## [What is needed]
All lines from the one bearing "consolle di lusso" through the end of the data below must be printed exactly as they stand, with pictures removed.

## [Raw data]

========================

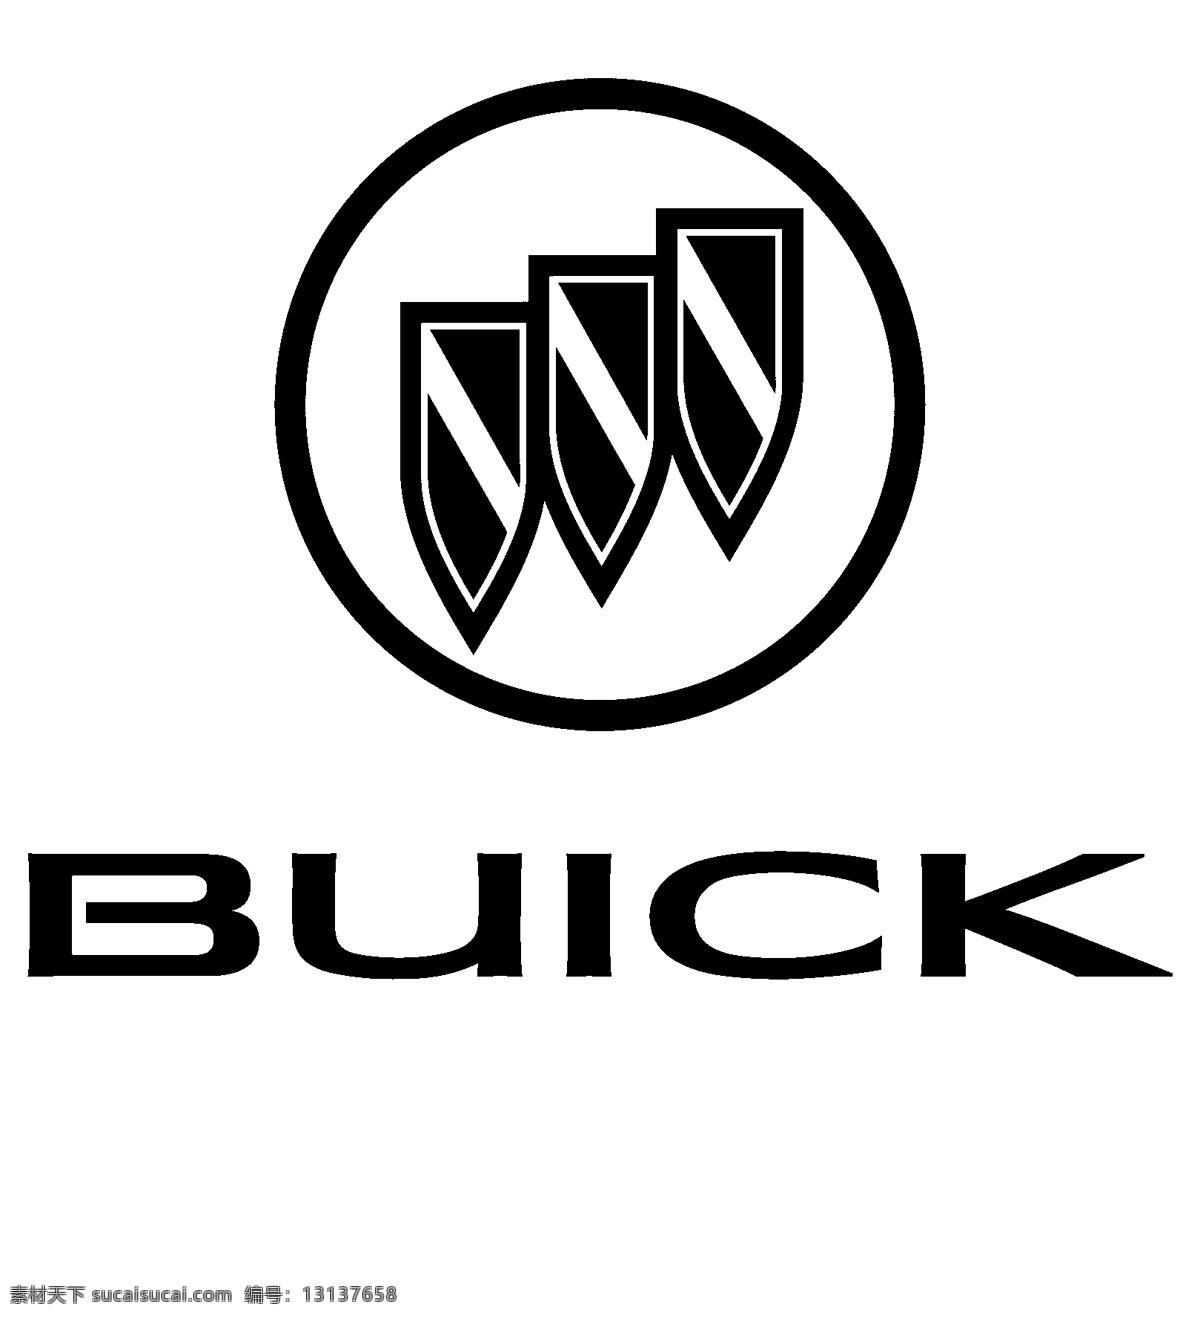 别克 汽车 buick 别克汽车 bieke 汽车logo 图标 标志图标 企业 logo 标志
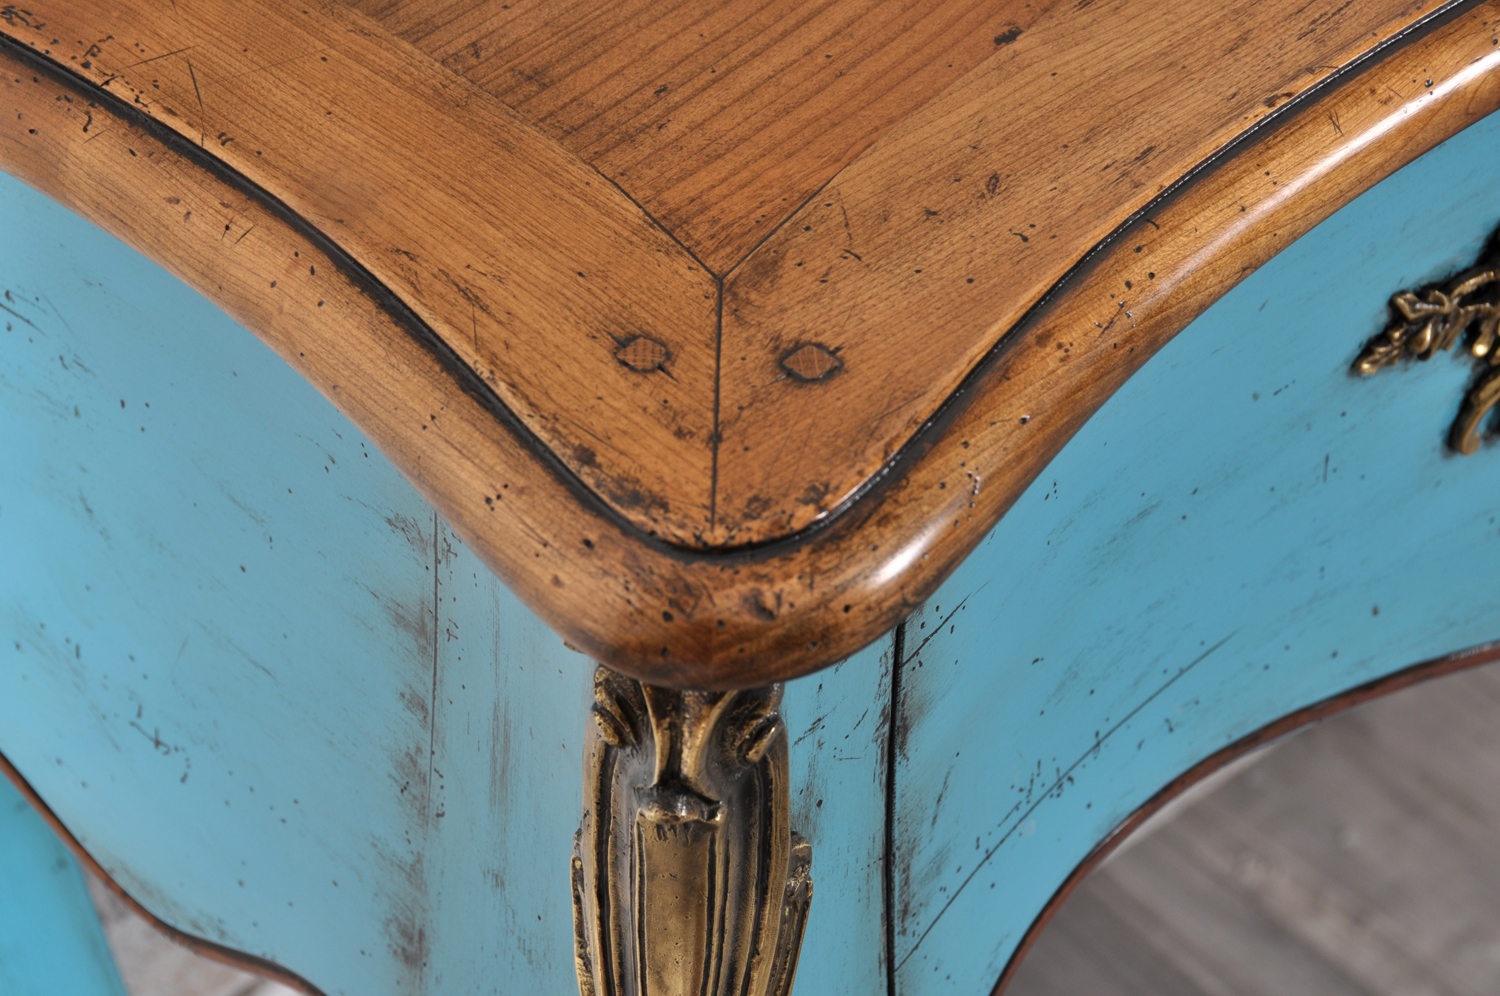 consolle di lusso francese bombata e mossa laccata bicolore arredo del 700 realizzata come il manufatto originale accessori in bronzo cesellati a mano nello stile classico Luigi XV barocco
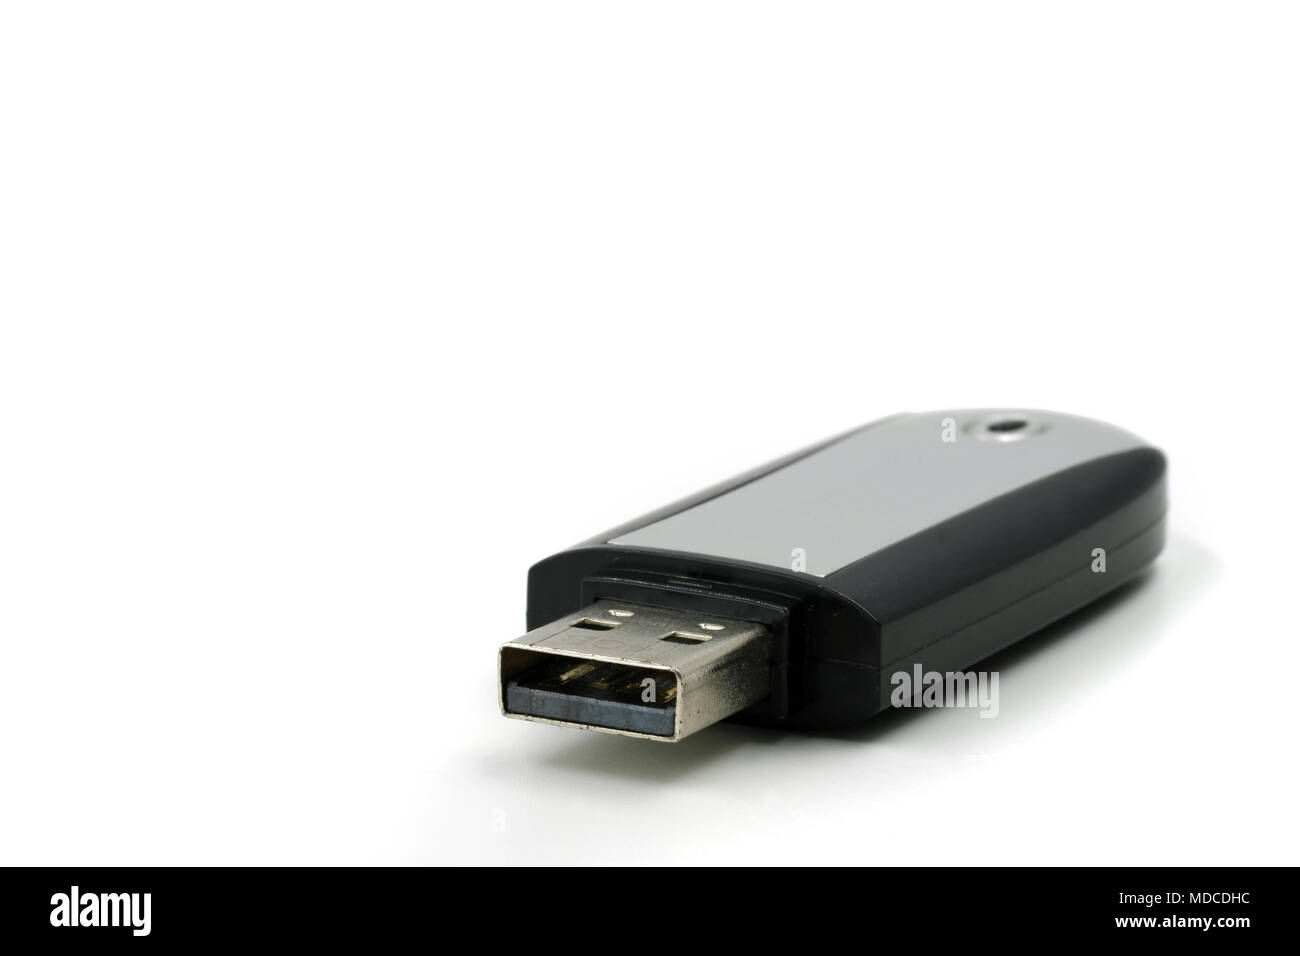 La unidad de memoria USB portátil con sombras reflejadas sobre blanco Foto de stock

========================

## [Solution]
 consolle di lusso francese bombata e mossa laccata bicolore arredo del 700 realizzata come il manufatto originale accessori in bronzo cesellati a mano nello stile classico Luigi XV barocco
 La unidad de memoria USB portátil con sombras reflejadas sobre blanco Foto de stock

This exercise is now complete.